As to the unlucky Sham Rao, he broke out in a cold sweat, and tried to assure us that we were mistaken, that we did not fully understand her language.
"It is not about you, it is not about you! It is of me she speaks, because I am in Government service. Oh, she is inexorable!"
"Râkshasas! Asuras!" thundered the voice. "How dare you appear before us? how dare you to stand on this holy ground in boots made of a cow's sacred skin? Be cursed for etern——"
But her curse was not destined to be finished. In an instant the Hercules-like Narayan had fallen on the Sivatherium, and upset the whole pile, the skull, the horns and the demoniac Pythia included. A second more, and we thought we saw the witch flying in the air towards the portico. A confused vision of a stout, shaven Brahman, suddenly emerging from under the Sivatherium and instantly disappearing in the hollow beneath it, flashed before my dilated eyes.
But, alas! after the third second had passed, we all came to the embarrassing conclusion that, judging from the loud clang of the door of the cave, the representative of the Seven Sisters had ignominiously fled. The moment she had disappeared from our inquisitive eyes to her subterranean domain, we all realized that the unearthly hollow voice we had heard had nothing supernatural about it and belonged to the Brahman hidden under the Sivatherium—to some one's live uncle, as Mr. Y— had rightly supposed.
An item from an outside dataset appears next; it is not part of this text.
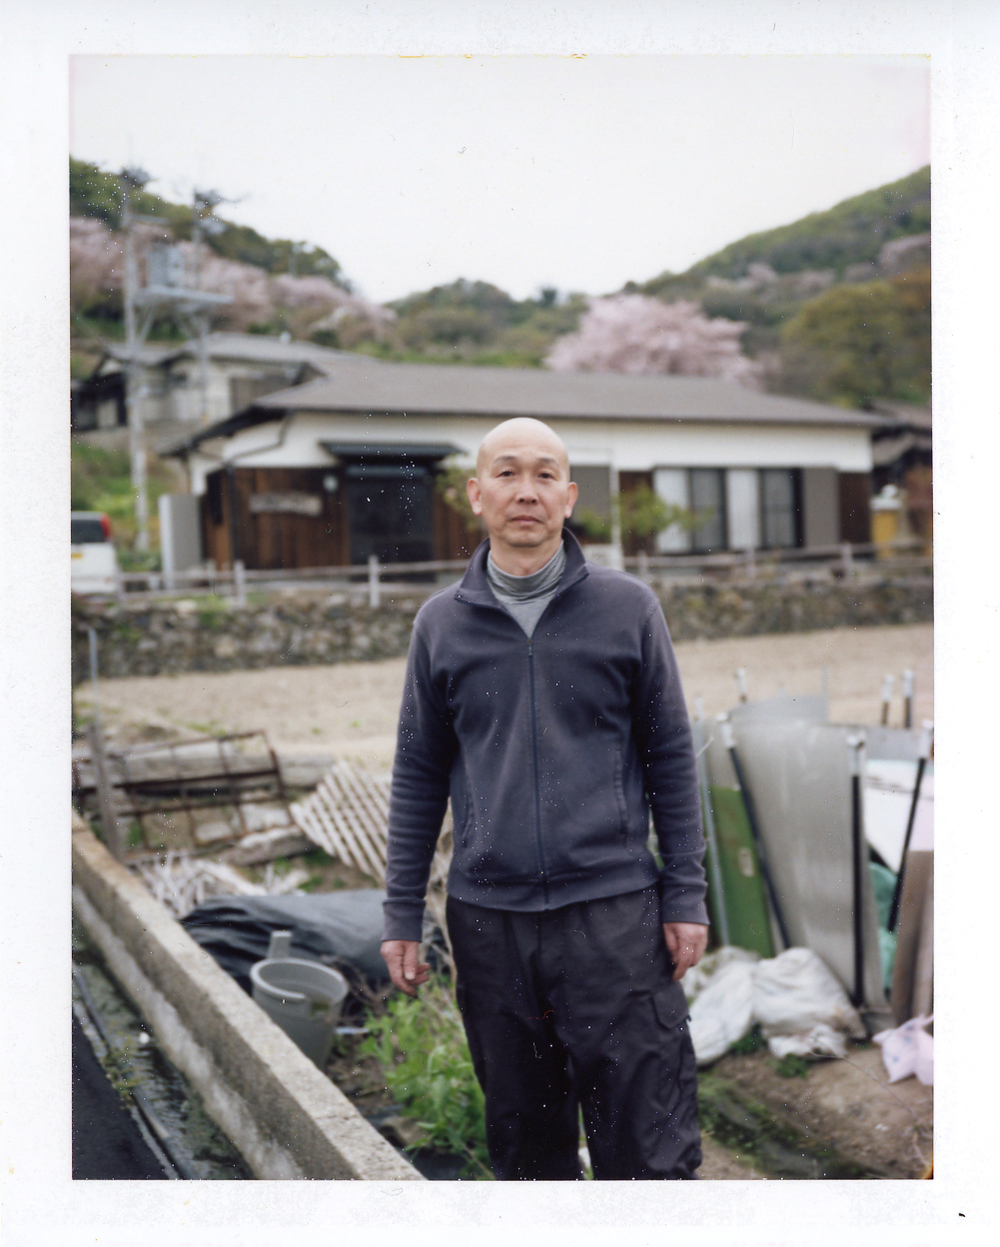 女木島で日本料理屋を『鬼旬』を営む、松内さん。この方の支えなくては、今回の女木島での食の集いは実現しませんでした。

Oh, Narayan! how carelessly, how disorderly the worlds rotate around us. I begin to seriously doubt their reality. From this moment I shall earnestly believe that all things in the universe are nothing but illusion, a mere Mâyâ. I am becoming a Vedantin.... I doubt that in the whole universe there may be found anything more objective than a Hindu witch flying up the spout.
Miss X— woke up, and asked what was the meaning of all this noise. The noise of many voices and the sounds of the many retreating footsteps, the general rush of the crowd, had frightened her. She listened to us with a condescending smile, and a few yawns, and went to sleep again.
Next morning, at daybreak, we very reluctantly, it must be owned, bade good-by to the kind-hearted, good-natured Sham Rao. The confoundingly easy victory of Narayan hung heavily on his mind. His faith in the holy hermitess and the seven goddesses was a good deal shaken by the shameful capitulation of the sisters, who had surrendered at the first blow from a mere mortal. But during the dark hours of the night he had had time to think it over, and to shake off the uneasy feeling of having unwillingly misled and disappointed his European friends.